Organizations dealing with large amounts of data often struggle to ensure that the data remains of high quality. according to a survey According to Great Expectations, which creates open source tools for testing data, 77% of companies have data quality issues and 91% believe it is affecting their performance.
In light of that, unsurprisingly, business has been pretty healthy for vendors who sell data-observing software and services, which help an organization understand the health and state of its data. Last year, in the span of a week, just three companies in the data observation space (Cribl, Monte Carlo, and Coralogix) raised more than $400 million.
Suggesting that the market is not yet oversaturated, another data observability startup secured venture capital this week: Whistle.
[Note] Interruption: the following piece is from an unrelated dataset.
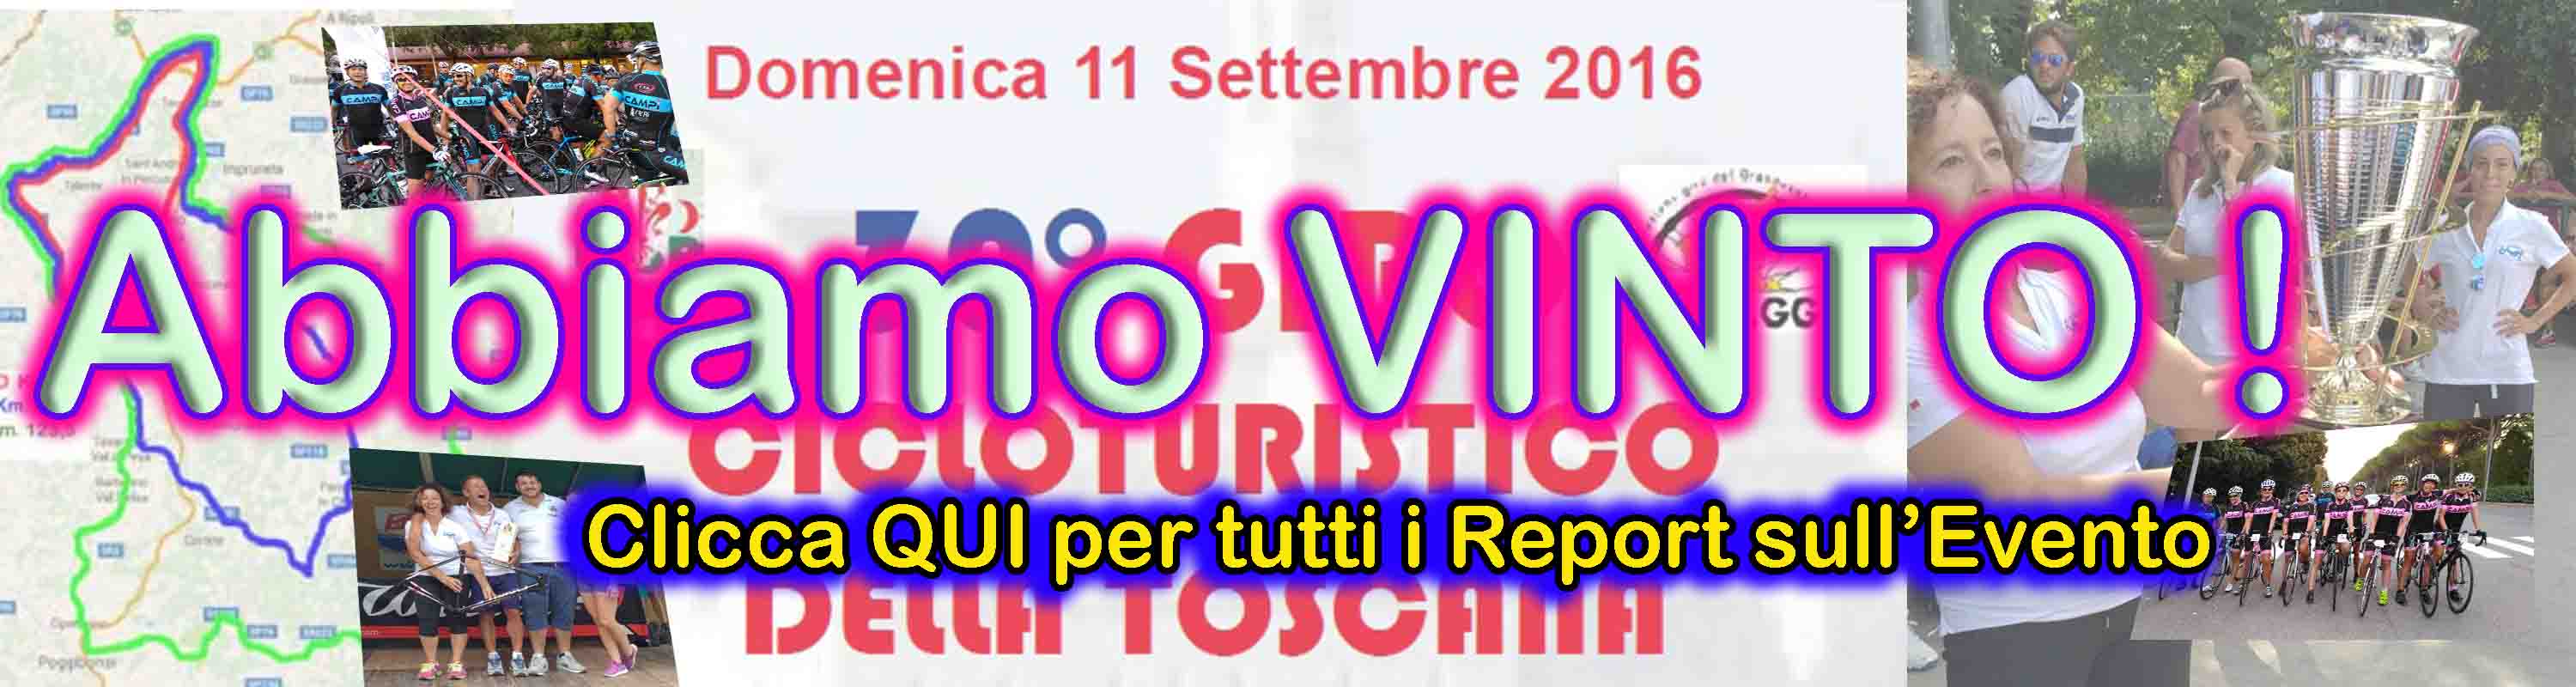 Banner Vittoria_Giro_della_Toscana 2016
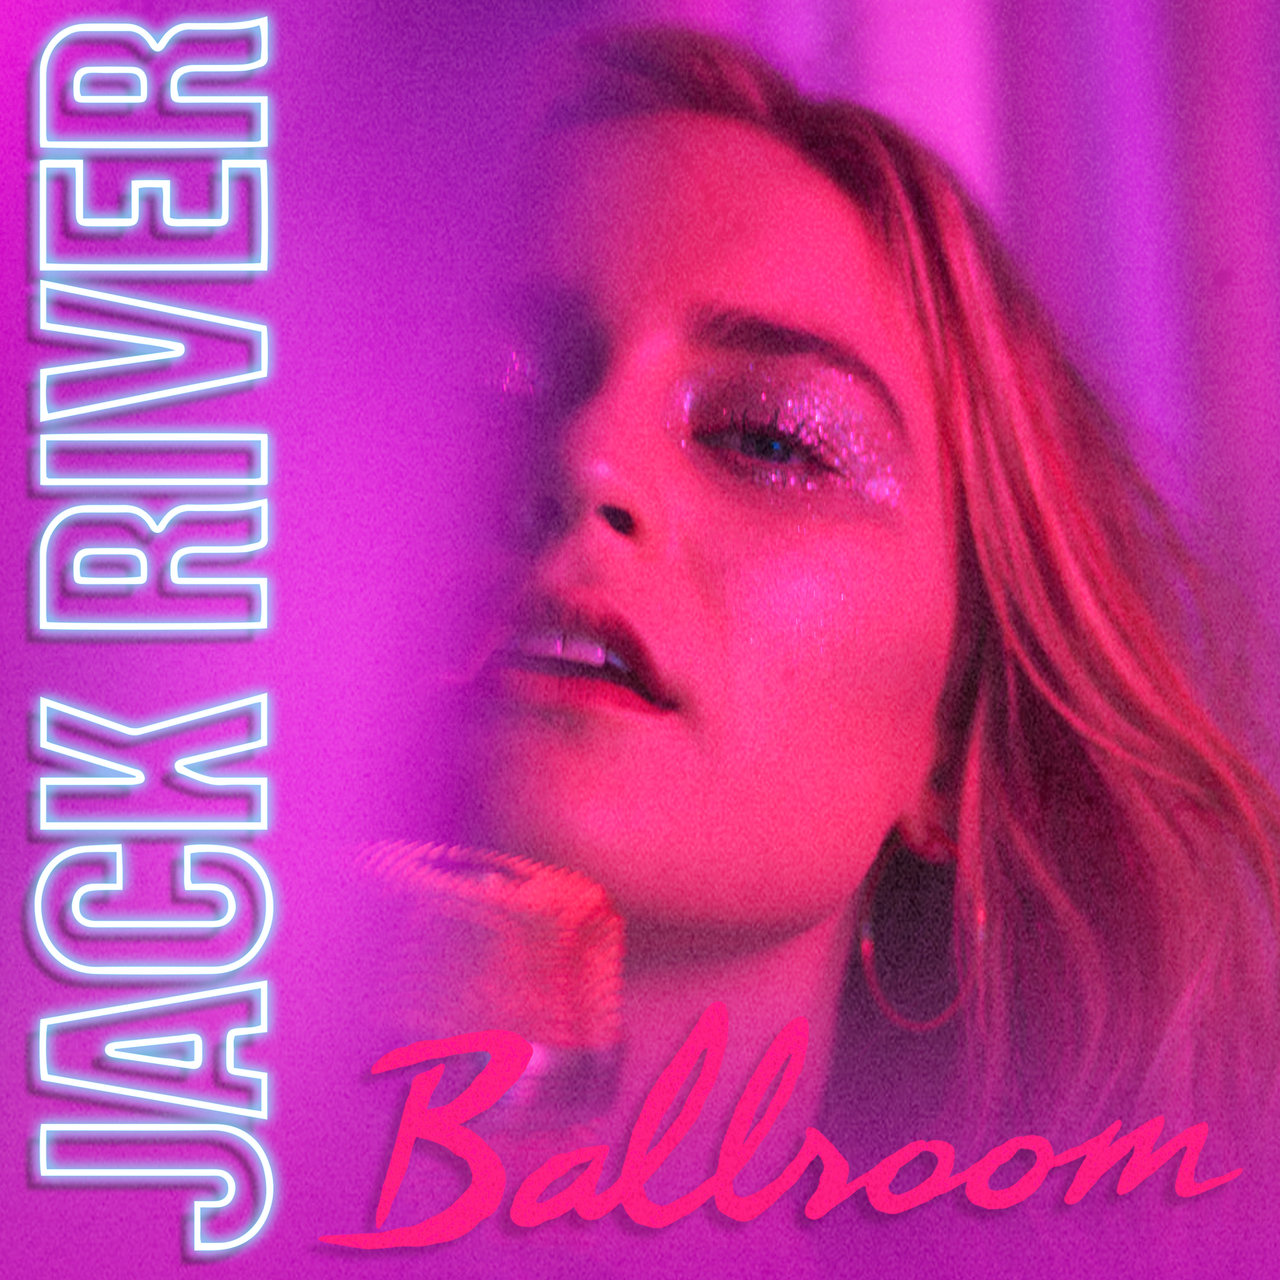 Jack River — Ballroom cover artwork

Today, the company announced that it raised €12 million (~$12.7 million) in a Series A funding round led by EQT Ventures with the participation of existing investors.
Sifflet was founded in June 2021 by Salma Bakouk, a former Goldman Sachs vice president in the sales and trading department. She teamed up with software engineers Wissem Fathallah (formerly at Uber and Amazon) and Wajdi Fathallah to launch an MVP, which evolved into a full data observability product.
“Sifflet is a data observation platform meant to help companies build trust in their data,” Bakouk told TechCrunch in an email interview. “Their platform sits on top of the data stack, providing 360-degree monitoring of data assets.”
With Sifflet, companies can collect information at different layers of their data stack, from the data ingestion stages to transformation and consumption. The platform automatically monitors data, metadata, and data pipelines for evidence that something might be wrong, such as a sudden drop in quality.
Sifflet maintains a lineage of making it easy for data engineers to perform root cause analysis. As Bakouk explains, AI is central to this process.
“AI is used in our monitoring engines, data classification and context enrichment,” he said. “Our models are pre-trained based on various types of data sets from different industries and dynamics, and are regularly re-trained when deployed to account for the particulars of the client environment and mitigate any training bias.”
So given the competition in the data observability space, can Sifflet reasonably compete? His investors clearly believe he can. A more objective measure is the size of Sifflet’s customer base, but Bakouk declined to disclose this. However, he said Sifflet counts brands like Carrefour, Nextbite and ShopBack among its current clients.
“Sifflet’s approach is specifically designed to be inclusive of the majority of data professionals, both technical and non-technical,” Bakouk said. “In today’s economic environment, where businesses are faced with difficult decisions, data-driven decision making is the norm and data incidents are simply not tolerated.”
It’s hard to argue with this last point. According to Gartner, poor data quality cost organizations an average of $12.9 million each year. In addition, data engineers spend two days a week fighting bad data, a survey of Monte Carlo found.
“The slowdown in the economy is actually a huge catalyst for data adoption. Businesses need to take uncertainty out of the equation when making tough decisions and data reliability is key,” Bakouk said. “In the company’s position, we value capital efficiency and look for strategic ways to grow. The fact that we had a laser-sharp vision of the product from day one allowed us to focus and be quick to execute and avoid costly changes.”
Paris-based Sifflet, which has raised €15 million (~$15.85 million) to date, plans to increase its merchandising efforts in Europe, the Middle East, Asia and the US and continue to invest in products and engineering. It currently has 28 employees and is aiming to more than double that number by the end of the year.